All of lore.kernel.org
 help / color / mirror / Atom feed
* [PATCH] workingset: fix confusion around eviction vs refault container
@ 2023-01-04 22:29 Nhat Pham
  2023-01-04 23:22 ` Nhat Pham
  0 siblings, 1 reply; 3+ messages in thread
From: Nhat Pham @ 2023-01-04 22:29 UTC (permalink / raw)
  To: akpm; +Cc: hannes, linux-mm, linux-kernel, bfoster, willy, kernel-team

From: Johannes Weiner <hannes@cmpxchg.org>

Refault decisions are made based on the lruvec where the page was
evicted, as that determined its LRU order while it was alive. Stats
and workingset aging must then occur on the lruvec of the new page, as
that's the node and cgroup that experience the refault and that's the
lruvec whose nonresident info ages out by a new resident page. Those
lruvecs could be different when a page is shared between cgroups, or
the refaulting page is allocated on a different node.

There are currently two mix-ups:

1. When swap is available, the resident anon set must be considered
   when comparing the refault distance.
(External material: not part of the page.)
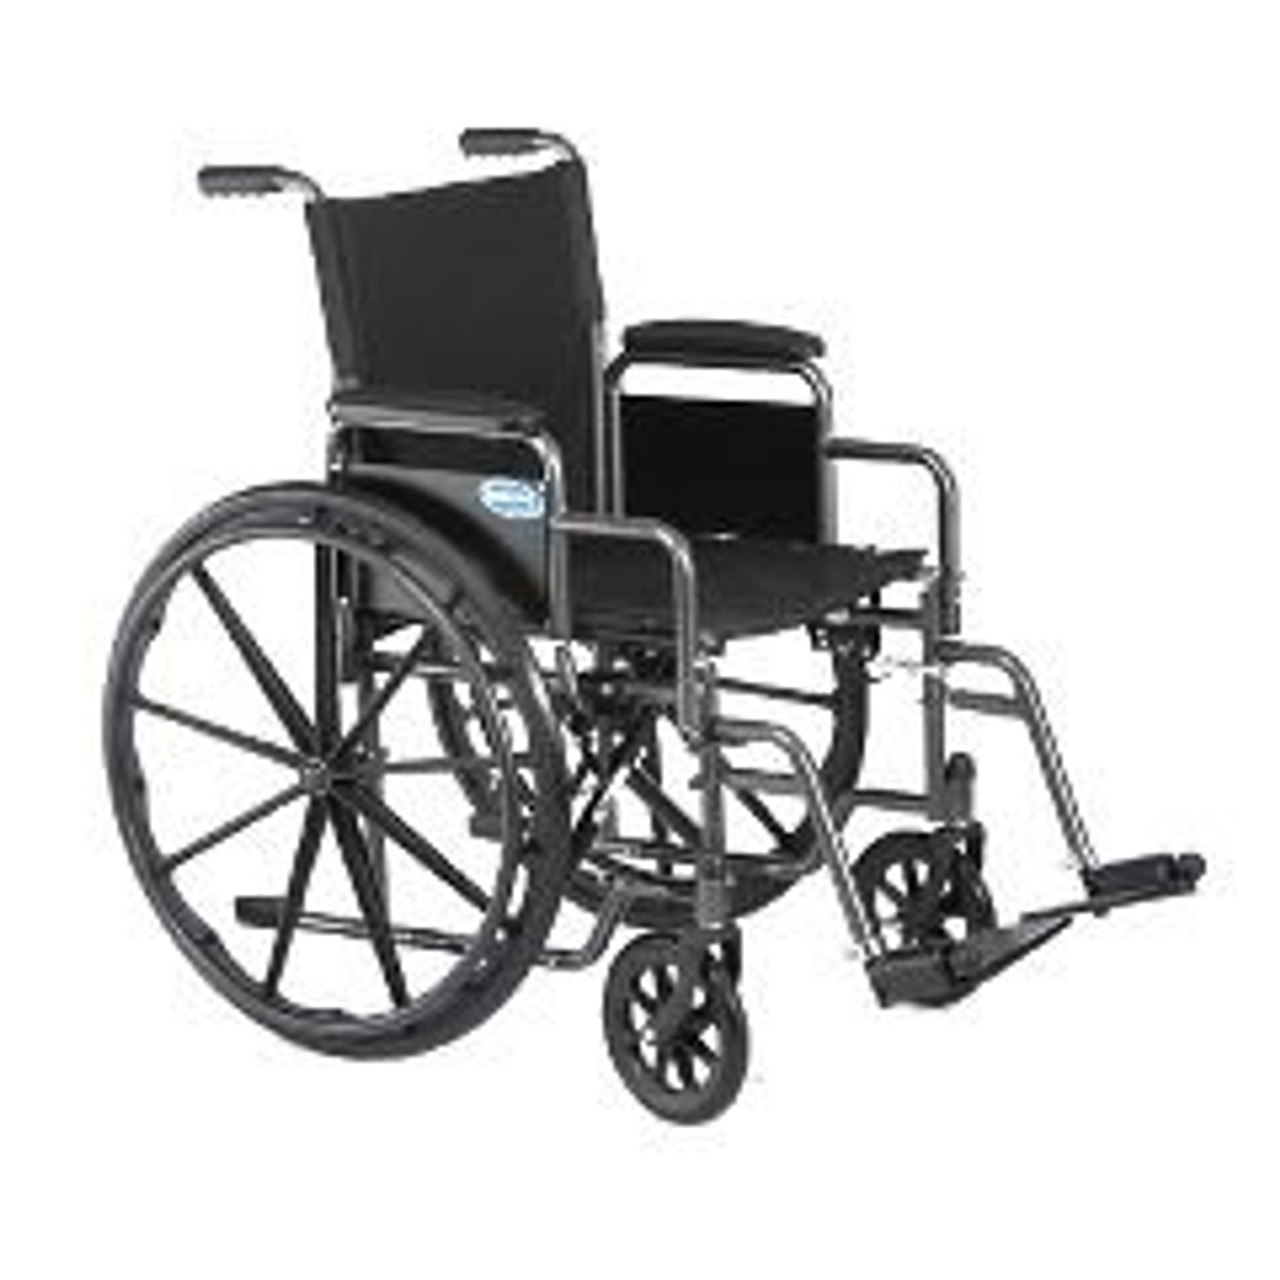 Tuffy TUF001 wheelchair 18" standard, fixed arms, removable footrests (TUF001) (Tuffy TUF001)
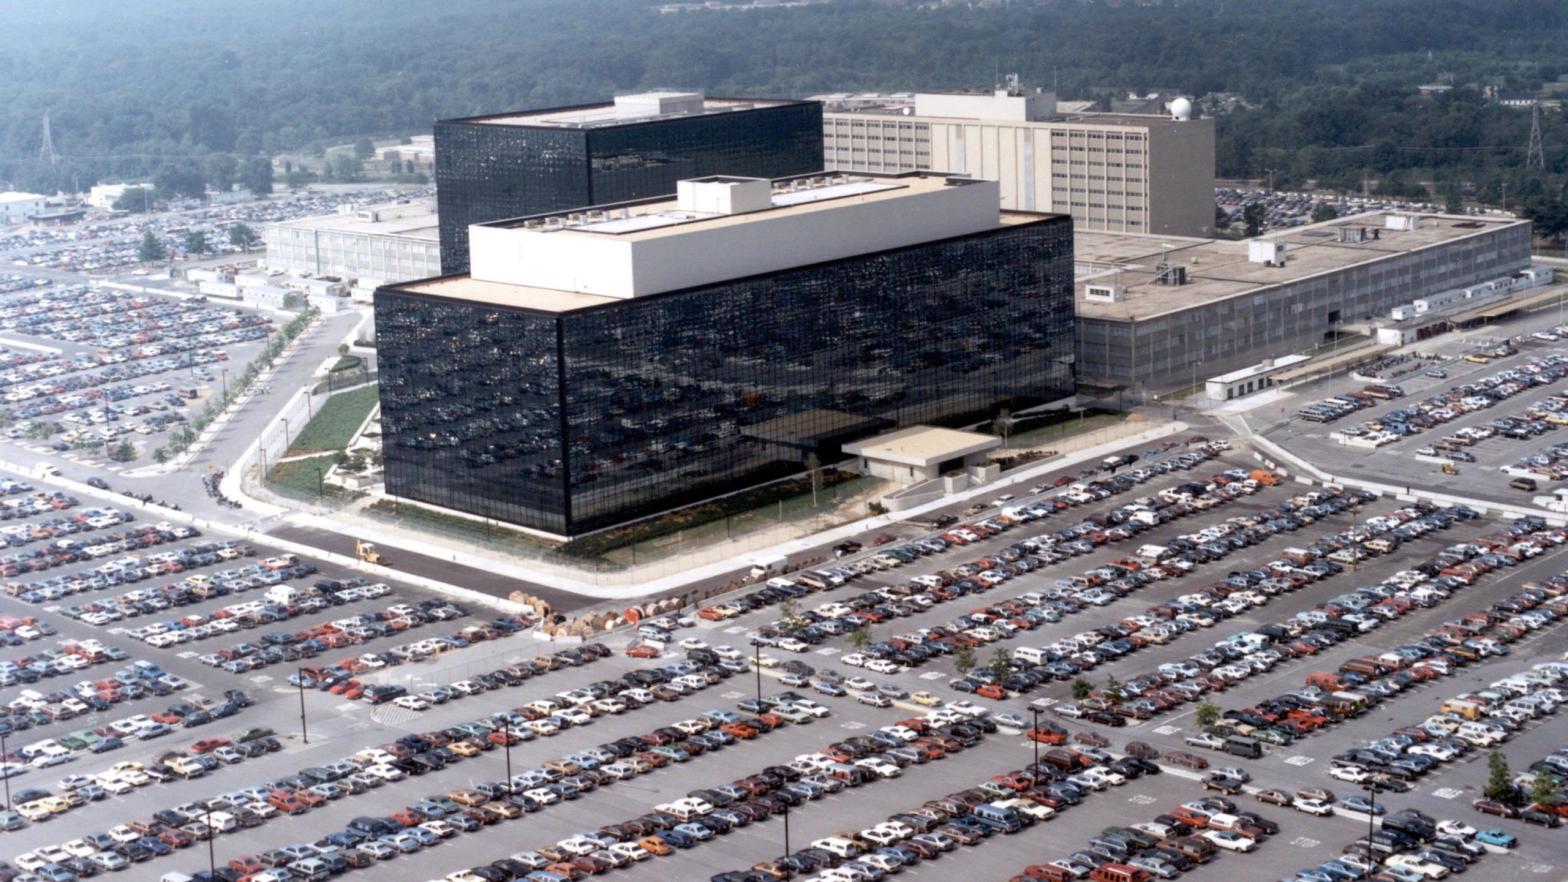 This undated photo provided by the National Security Agency (NSA) shows its headquarters in Fort Meade, Maryland. (Photo: NSA, Getty Images)

The comparison is made against
   the right anon set, but the check for swap is not. When pages get
   evicted from a cgroup with swap, and refault in one without, this
   can incorrectly consider a hot refault as cold - and vice
   versa. Fix that by using the eviction cgroup for the swap check.

2. The stats and workingset age are updated against the wrong lruvec
   altogether: the right cgroup but the wrong NUMA node. When a page
   refaults on a different NUMA node, this will have confusing stats
   and distort the workingset age on a different lruvec - again
   possibly resulting in hot/cold misclassifications down the line.

Fix the swap check and the refault pgdat to address both concerns.

This was found during code review. It hasn't caused notable issues in
production, suggesting that those refault-migrations are relatively
rare in practice.

Signed-off-by: Johannes Weiner <hannes@cmpxchg.org>
Co-developed-by: Nhat Pham <nphamcs@gmail.com>
Signed-off-by: Nhat Pham <nphamcs@gmail.com>
---
 mm/workingset.c | 3 ++-
 1 file changed, 2 insertions(+), 1 deletion(-)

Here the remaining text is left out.